Went to the library and read an issue of The Economist. I’m too economical to subscribe to it. Drank a cappuccino at a marginal coffee house, Wicked Brew, started up in old house on Royal Gorge Boulevard by what appeared to be a single woman with teenage daughter(s). A bit of cognitive dissonance there: various signs, such as “The fortune teller is [reversible sign] OUT,” and a strategically placed table suggest the occasional presence of a Tarot reader, most likely. Yet nearby was a stack of brochures about The Rapture, suggesting a conservative evangelical Christian presence. You would expect those two influences to be incompatible.

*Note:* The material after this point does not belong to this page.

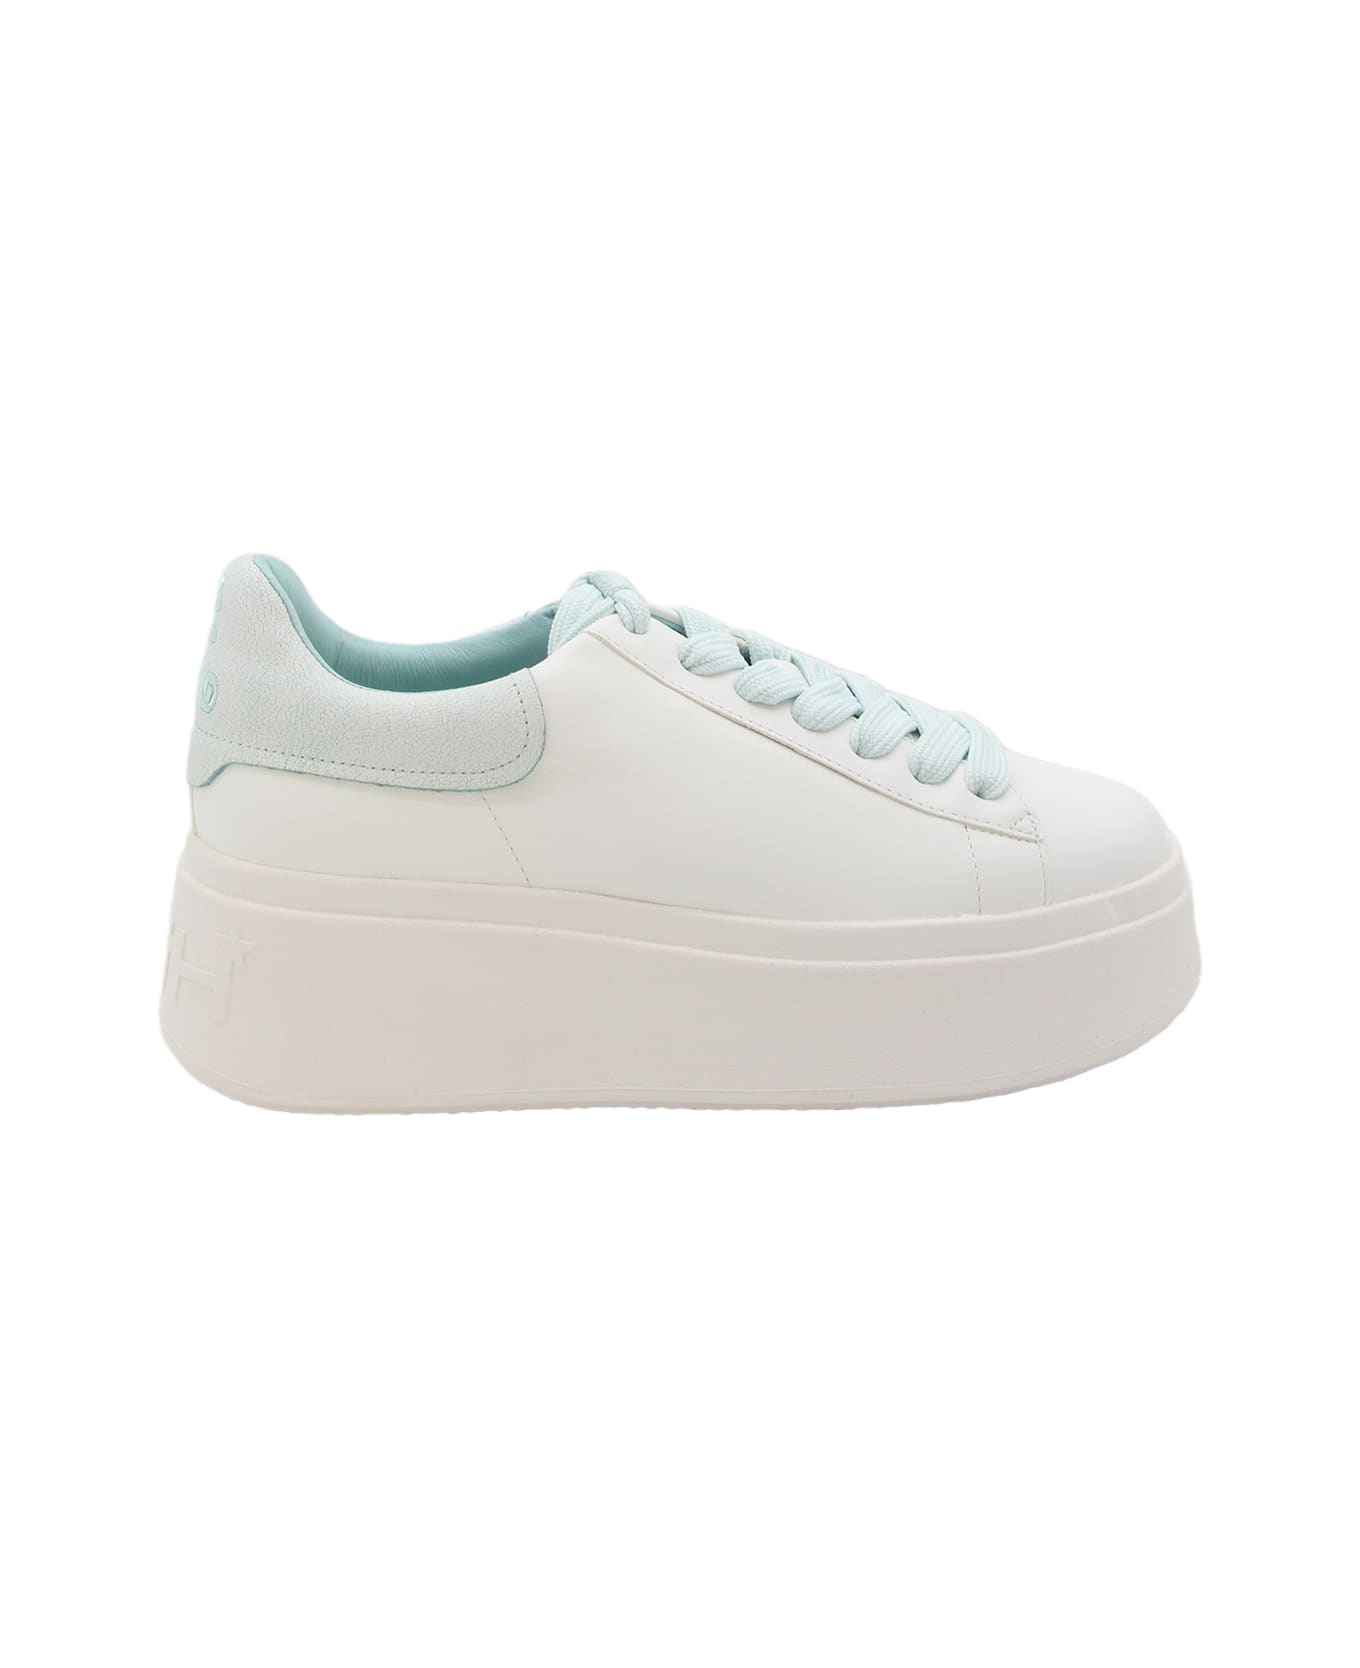 Ash White Leather Sneakers - WHITE/WATER ウェッジシューズ

I picked up the Jeep just before five, made a stop at the supermarket, and was home shortly before six o’clock. And there was the day gone. After supper, I wrote the letter to the lawyer, caught up on e-mail, and felt as though I had done something all day but I wasn’t sure exactly what.

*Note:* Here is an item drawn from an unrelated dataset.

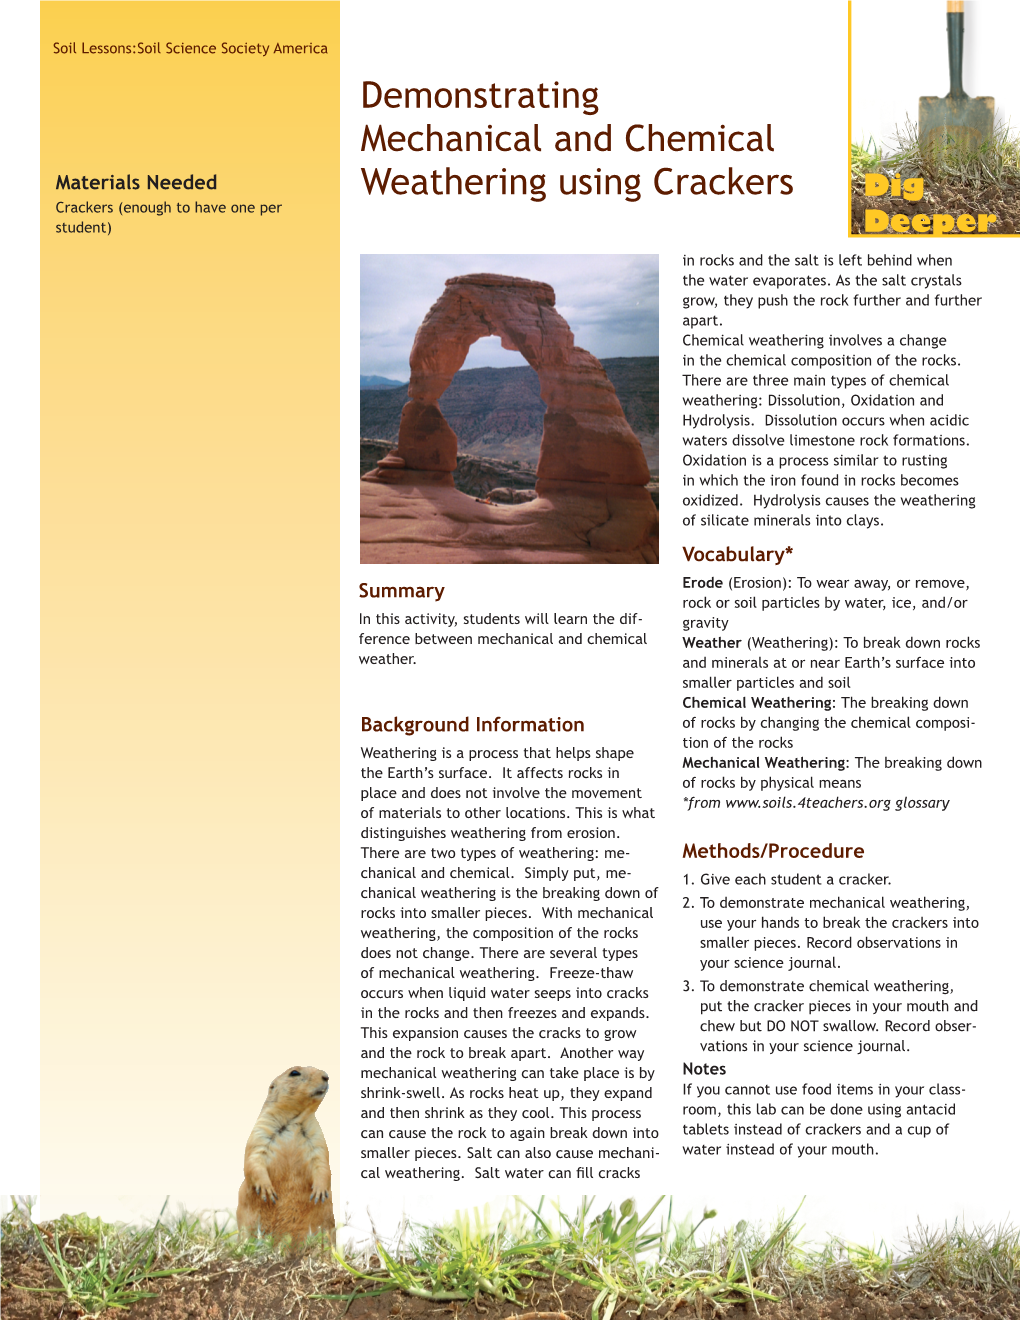 Demonstrating Mechanical and Chemical Weathering Using Crackers

The cold breath of history

Working all week on Her Hidden Children, my book on the early decades of the American Pagan movement, part of the AltaMira Press Pagan Studies series. I’ve written history before, but somehow, writing about events in which I participated makes me feel at death’s door. I turn for inspiration to my beau ideal of a dignified old age, William S. Burroughs.

Pagan World Report

Here’s a site collecting Pagans-in-the-news articles from all over the place. I started doing the same thing with scissors and photocopier in the pre-Internet 1970s, but it was impossible back then to have this kind of scope. My stuff went into a series of file folders labeled “Witchcrap,” since that’s what most of it was.

Paganism: A Reader

What I hope was the last paper work for Graham Harvey’s and my new anthology, Paganism: A Reader went into the campus mailbag today on its way to Routledge, the publisher. The book is a collection of mostly primary sources, so in that way it’s somewhat different from Graham’s earlier anthology, Shamanism: A Reader. The selections in it begin with Classical materials, including “The Hymn to the Moon” (attributed to Homer) and the famous address to Isis from Apuleius’ The Golden Ass, in Robert Graves’ translation. What I regret not being able to include (for reasons of space) was Sappho’s poem to Aphrodite, which I always find to be heart-wrenchingly good. But the Emperor Julian’s “Letter to a Pagan Priest” was included, as well as some translations from Celtic and Norse sources that have been important to the Pagan revival.

We have tried to show just a few of the literary influences on the Pagan revival as well, such as Kipling’s Puck of Pook’s Hill, Robert Heinlein’s Stranger in a Strange Land, and Marion Zimmer Bradley’s The Mists of Avalon, as well as many well-known contemporary Pagan authors (Gardner, Valiente, Adler) and some new writers: Judy Harrow, Michael McNierney, and myself.